------ Task inputs

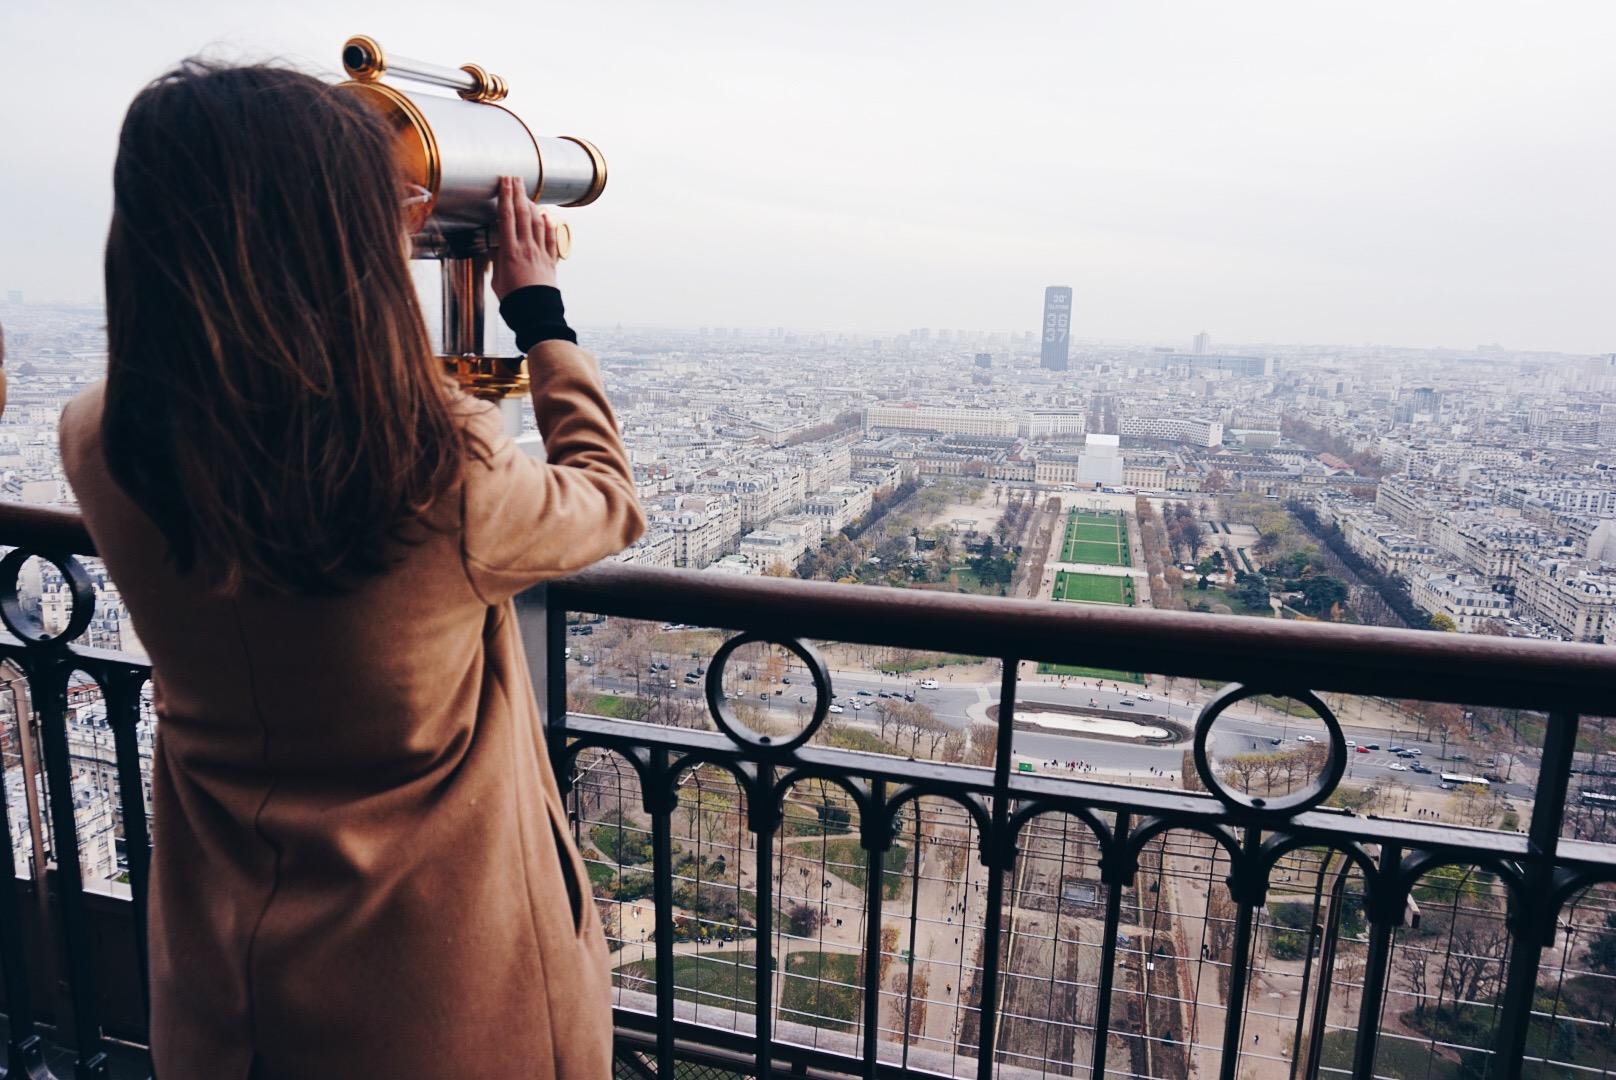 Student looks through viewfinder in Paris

------------
------ Task inputs

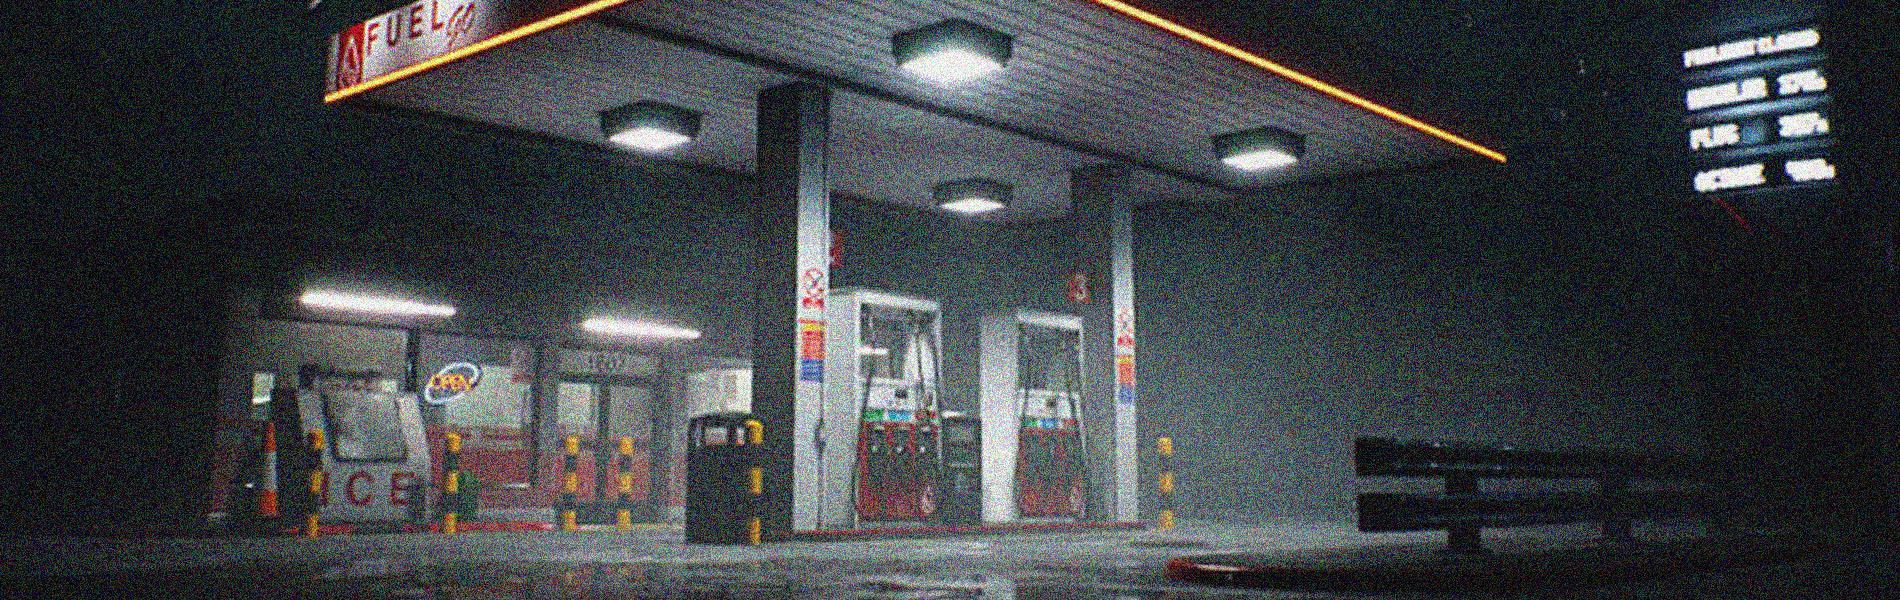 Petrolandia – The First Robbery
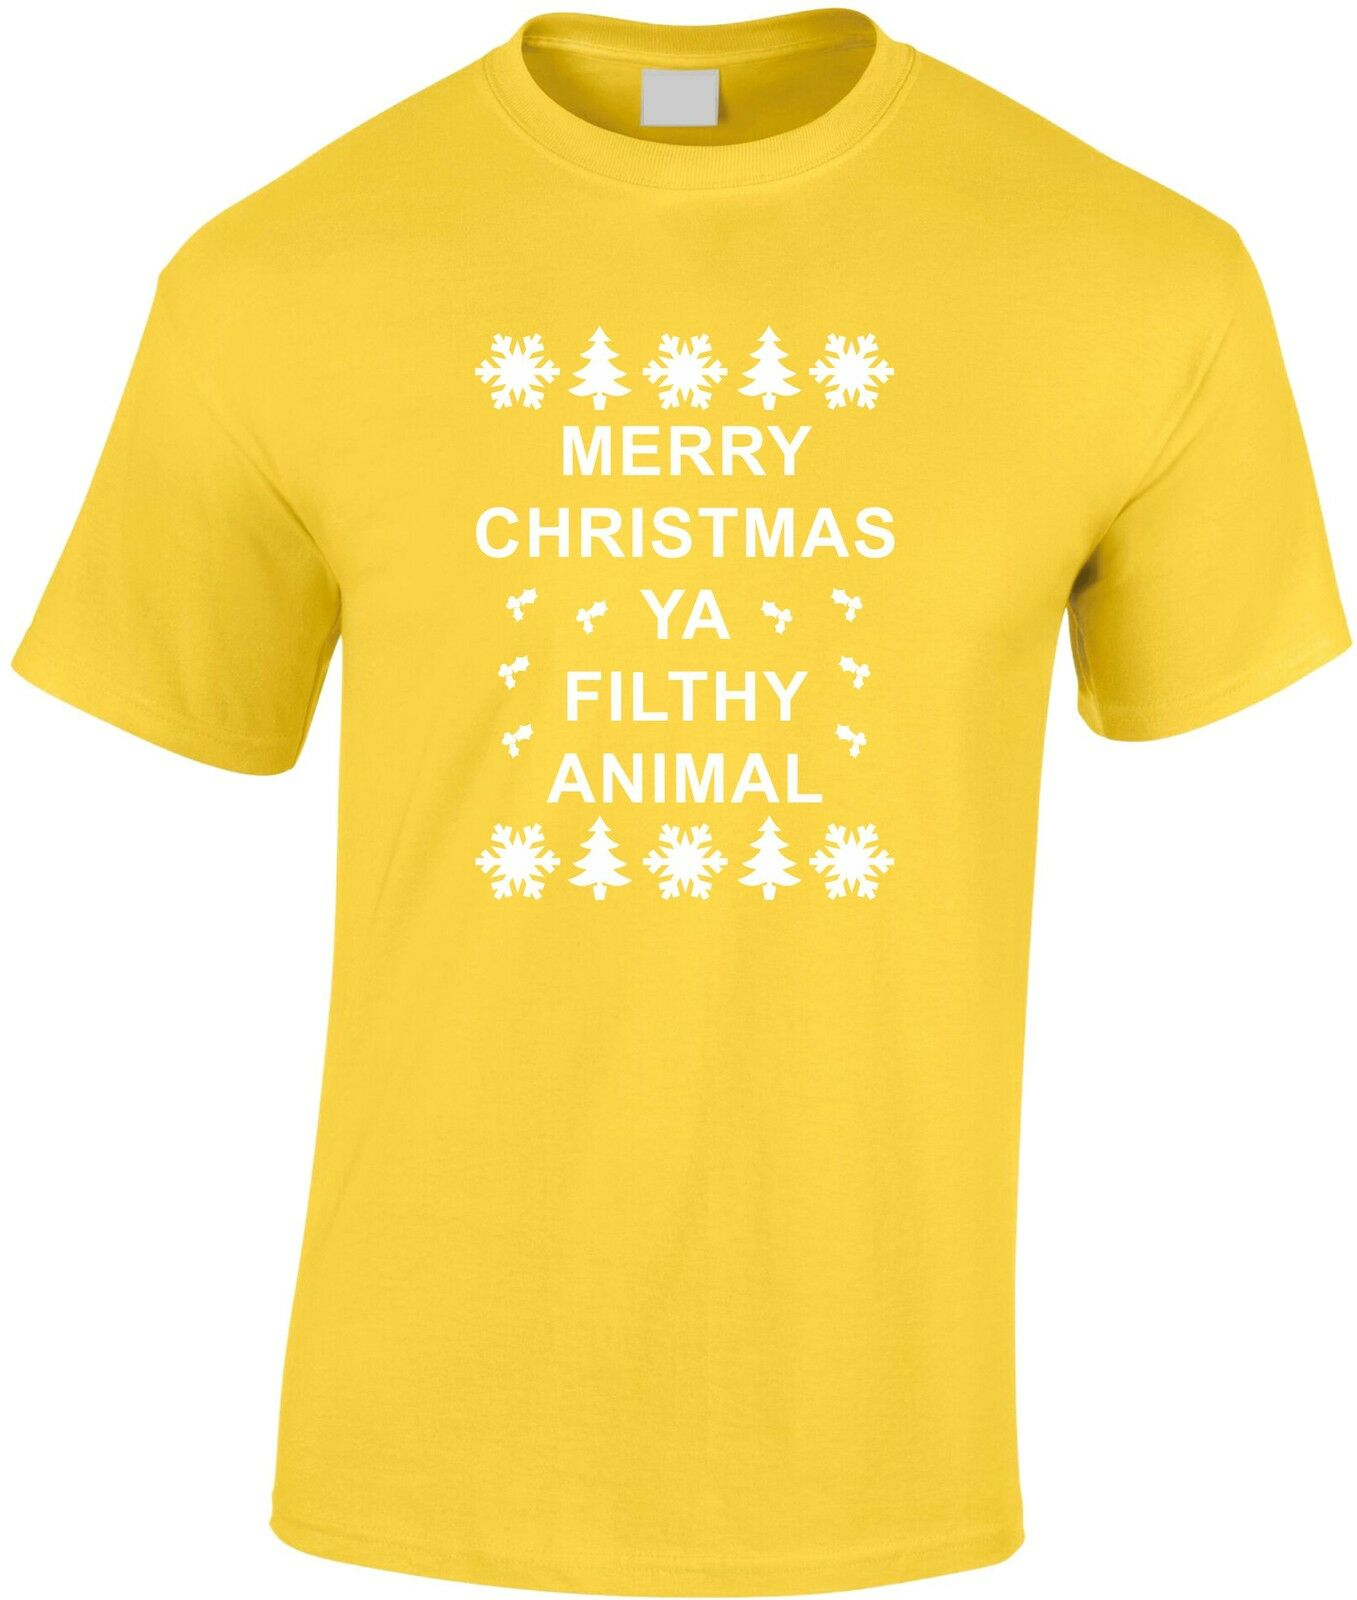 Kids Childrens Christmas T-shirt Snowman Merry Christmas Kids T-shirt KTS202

------------

_Work request_
Write out, word for word, the stretch of entries that begins at the line with "Petrolandia – The First Robbery" and ends at the line with "Kids Childrens Christmas". Pictures do not belong in it.

_Solution to this exercise_
 Petrolandia – The First Robbery
 Kids Childrens Christmas T-shirt Snowman Merry Christmas Kids T-shirt KTS202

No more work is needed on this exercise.